English composer and teacher (born 1943)

Christopher Edward de Souza (born 6 June 1943) is an English composer, teacher, music director, broadcaster, opera producer and author. He has presented programmes on BBC Radio 3, Radio 4 and World Service.

==Education and career==
Chris de Souza is a graduate in music from Bristol University (1966) and a graduate of the Directors' Course of the Bristol Old Vic Theatre School.

He has worked in the media as a theatre director, radio music producer and presenter. Head of Music at St Bernadette Catholic Secondary School in Bristol from 1966 to 1970, he went on to become a Producer with Sadlers Wells/English National Opera in 1971. From then on De Souza produced over 100 operas around the world, among which the soundtrack for the fireworks display in the Silver Jubilee of Elizabeth II.

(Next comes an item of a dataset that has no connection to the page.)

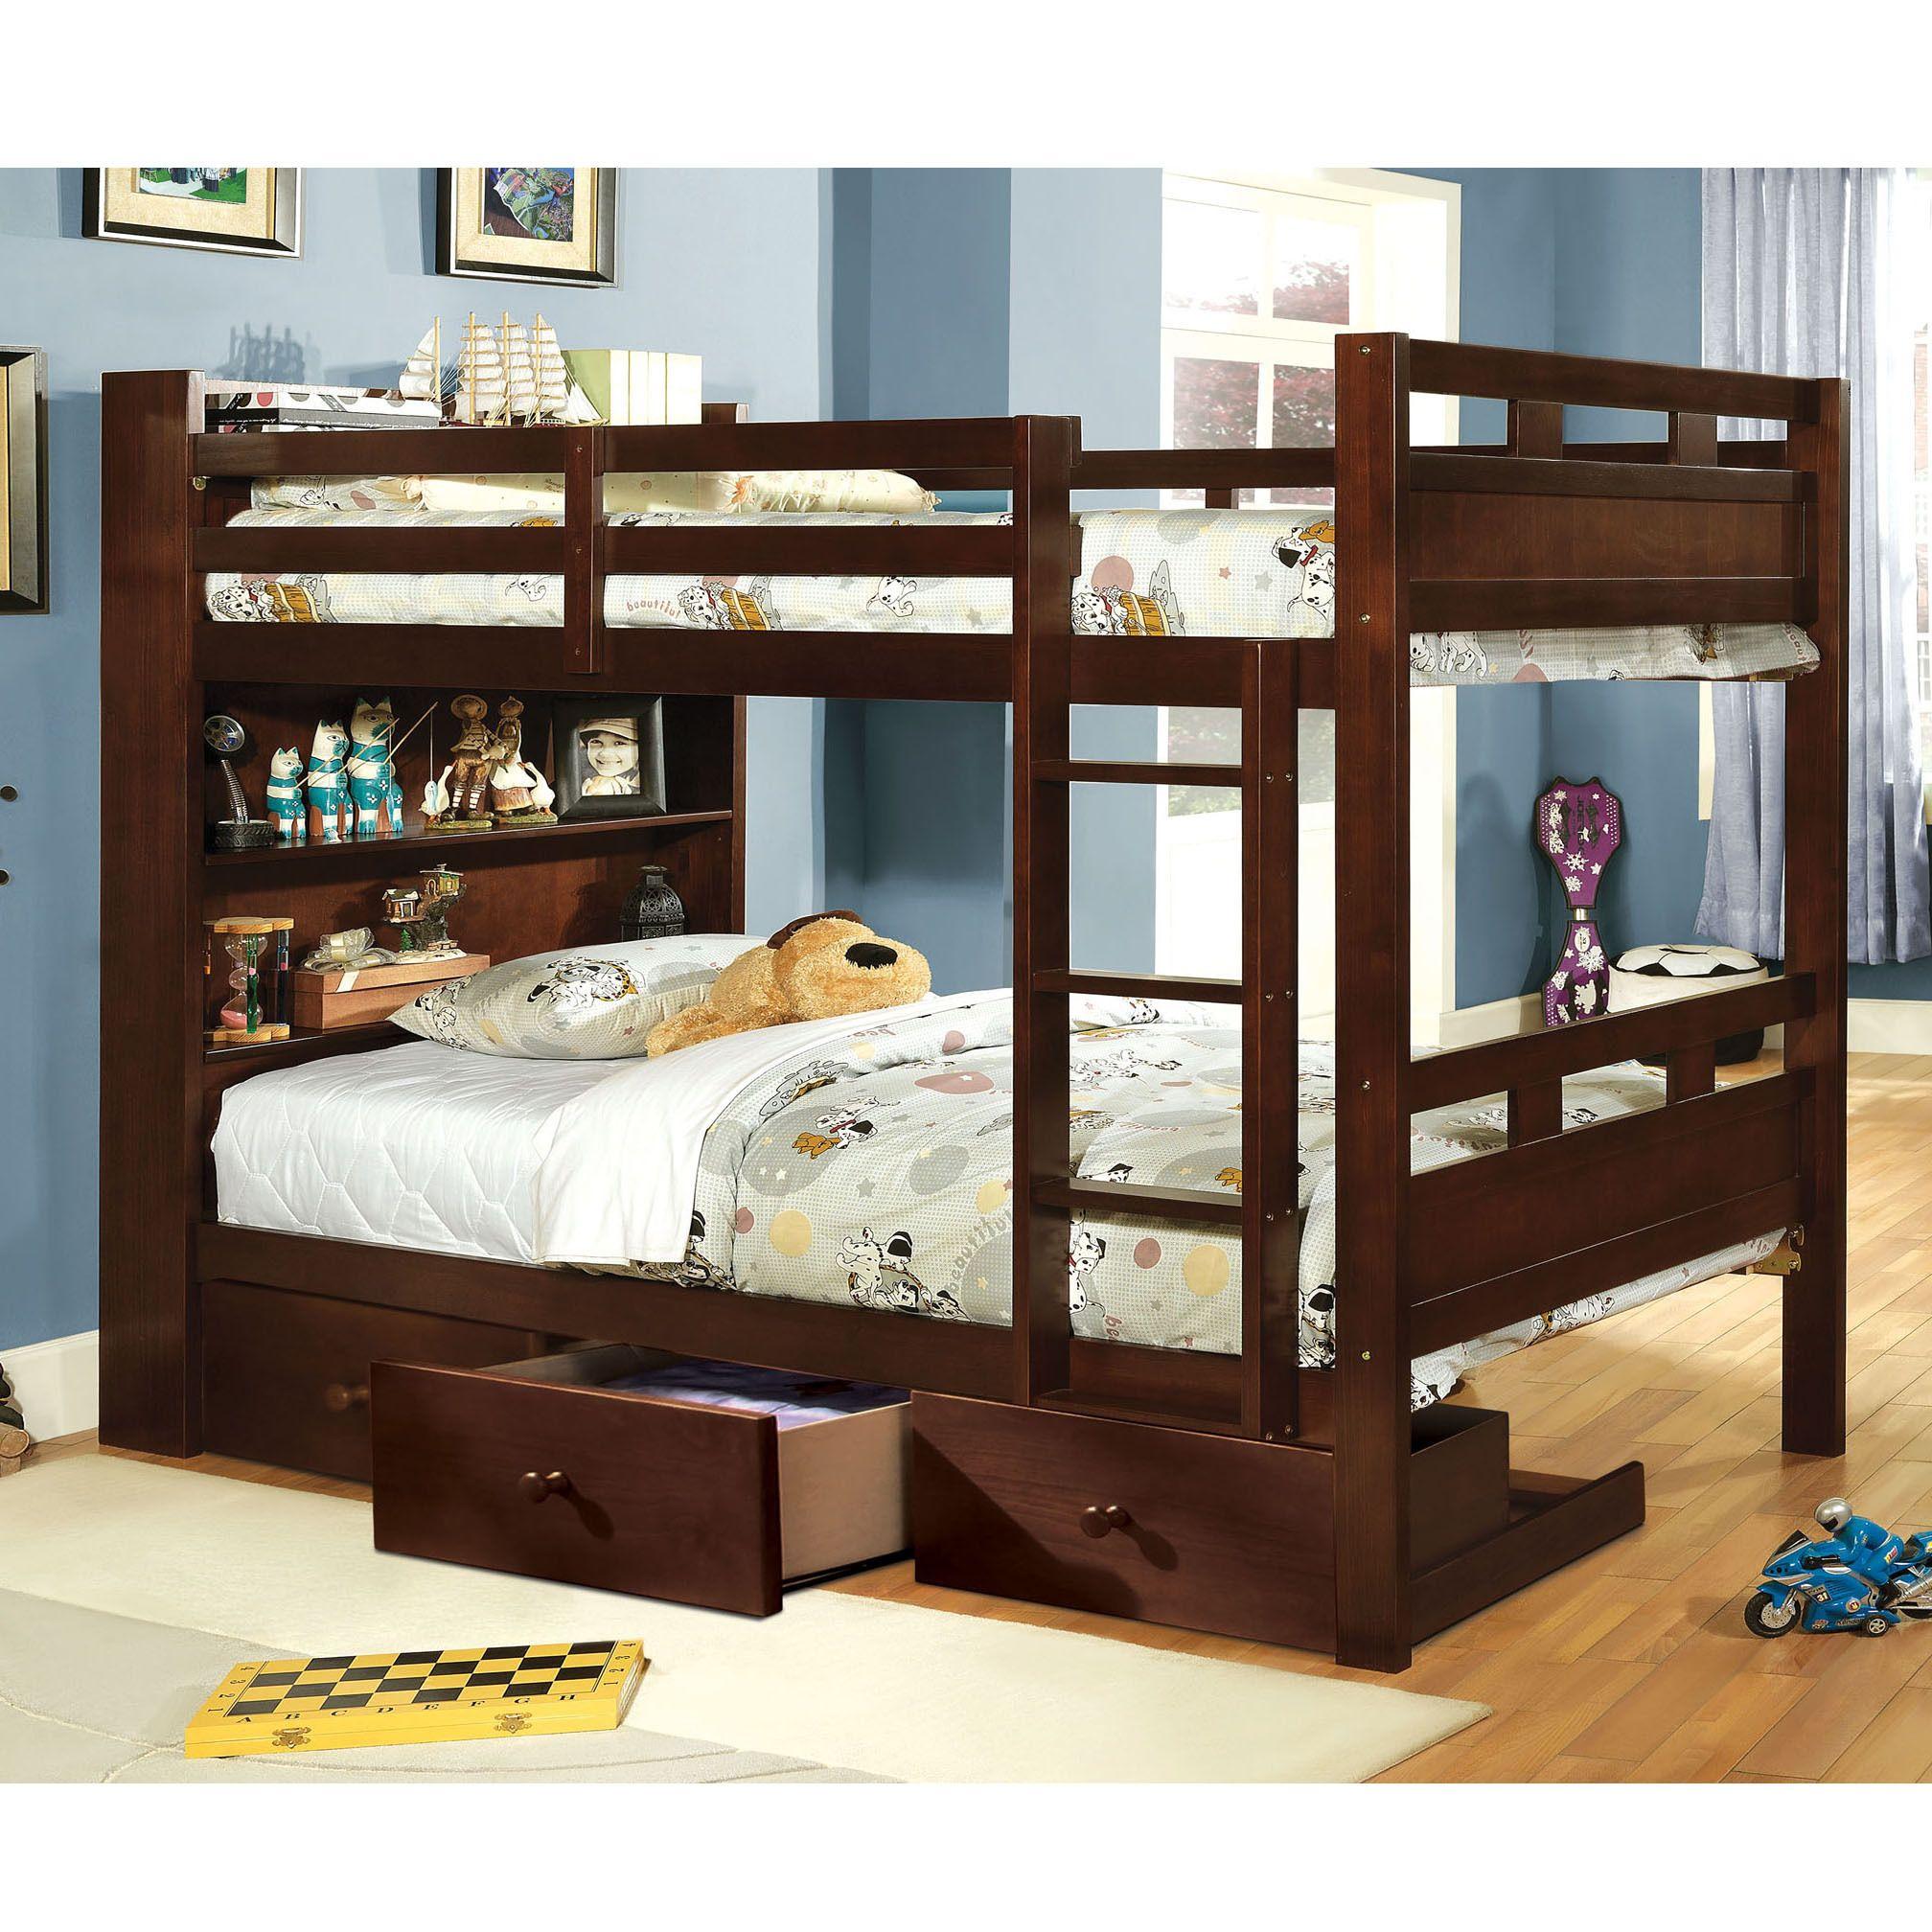 Twin loft bed ideas  Furniture of America Chessin Dark Walnut Bunk Bed with BuiltIn

Since 1966 he wrote and performed several compositions like 8 Epithalamia for Organ, Maharajahs, The Ides of March, Children of the Light. In 1977 he devised the Liszt Festival of London editing and directing the first modern performance of Franz Liszt's opera Don Sanche. As a composer his music has been widely broadcast and performed, with recent commissions from the BBC, Southern Sinfonia, West Berkshire Maestros and the Lymington Choral Society.

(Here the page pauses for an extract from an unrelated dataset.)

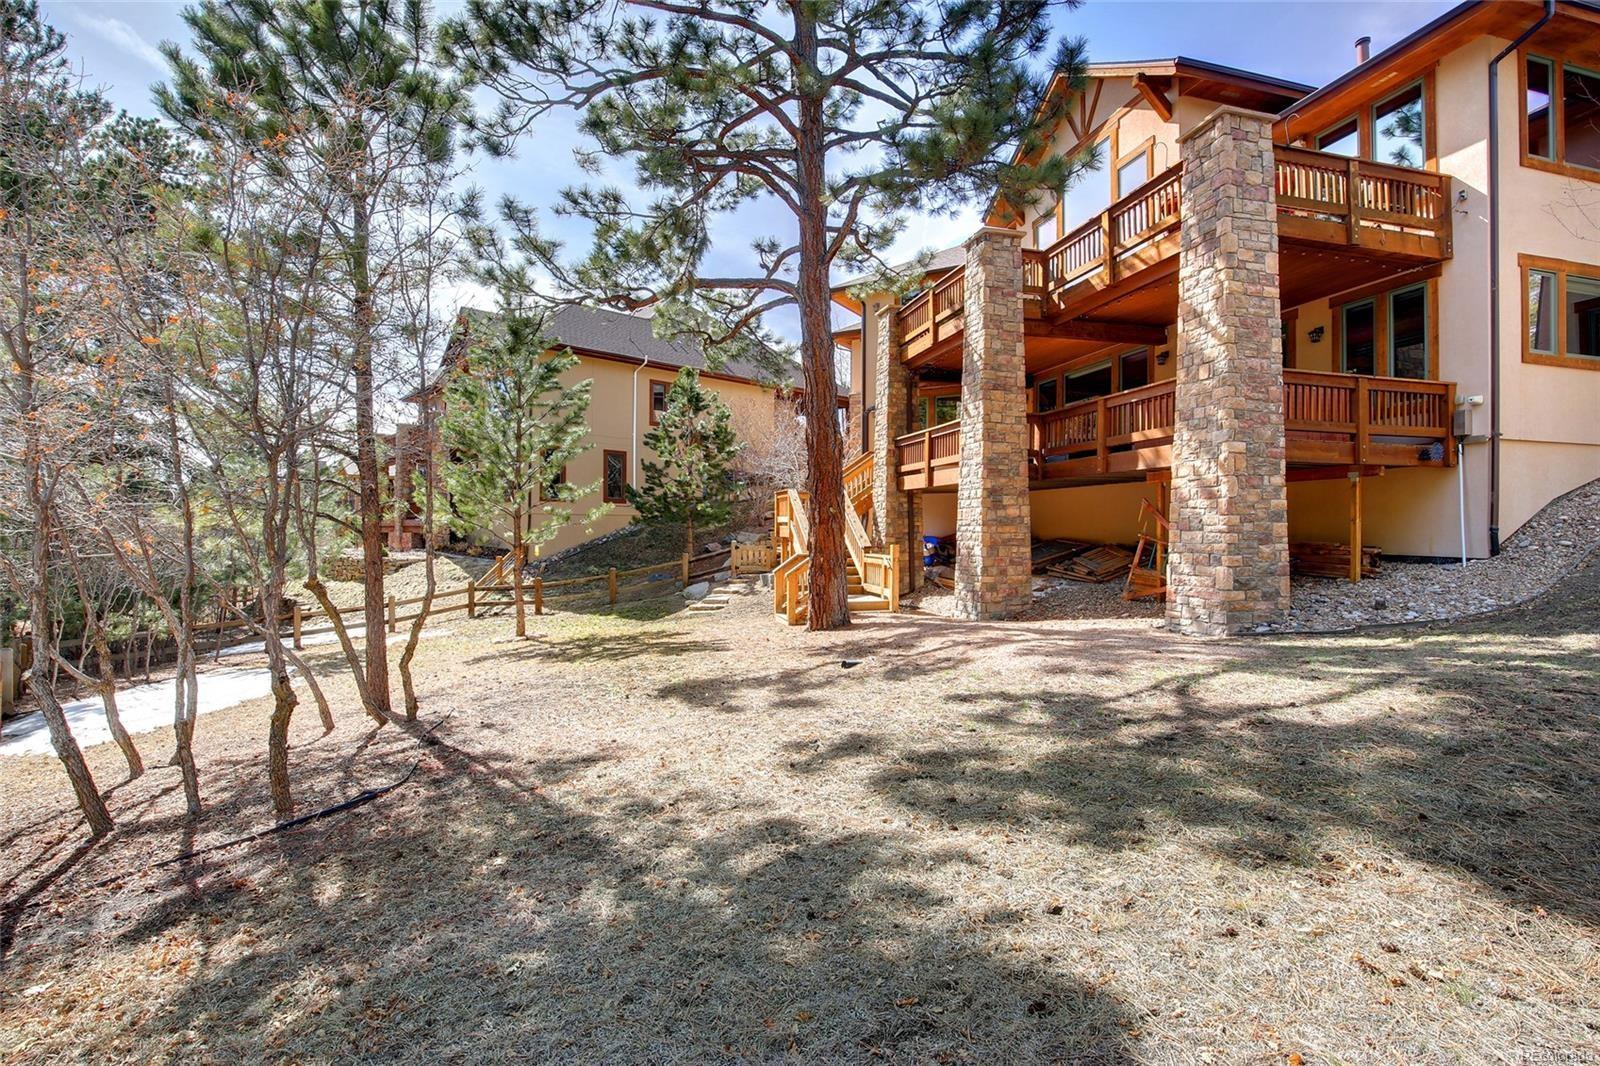 MLS# 4879945 - 32 - 2392 Saddleback Drive, Castle Rock, CO 80104

In 1975 he joined the BBC Radio London becoming the BBC first Proms Producer in 1987. He presented Radio London's arts programme Look Stop Listen, Performance on 3 (with Humphrey Burton) and Discovering Music on BBC Radio 3 and Sky Digital. As a presenter his own programme Tuning Up, focusing on young musicians, won a Silver Medal at the New York Radio Festival in 1992. He has also presented on TV, BBC World Service, and broadcasts classical channels for many airlines. For 25 years, he has presented the Classical Channel on Emirates, and most recently presented the opera broadcasts on CNBCTV.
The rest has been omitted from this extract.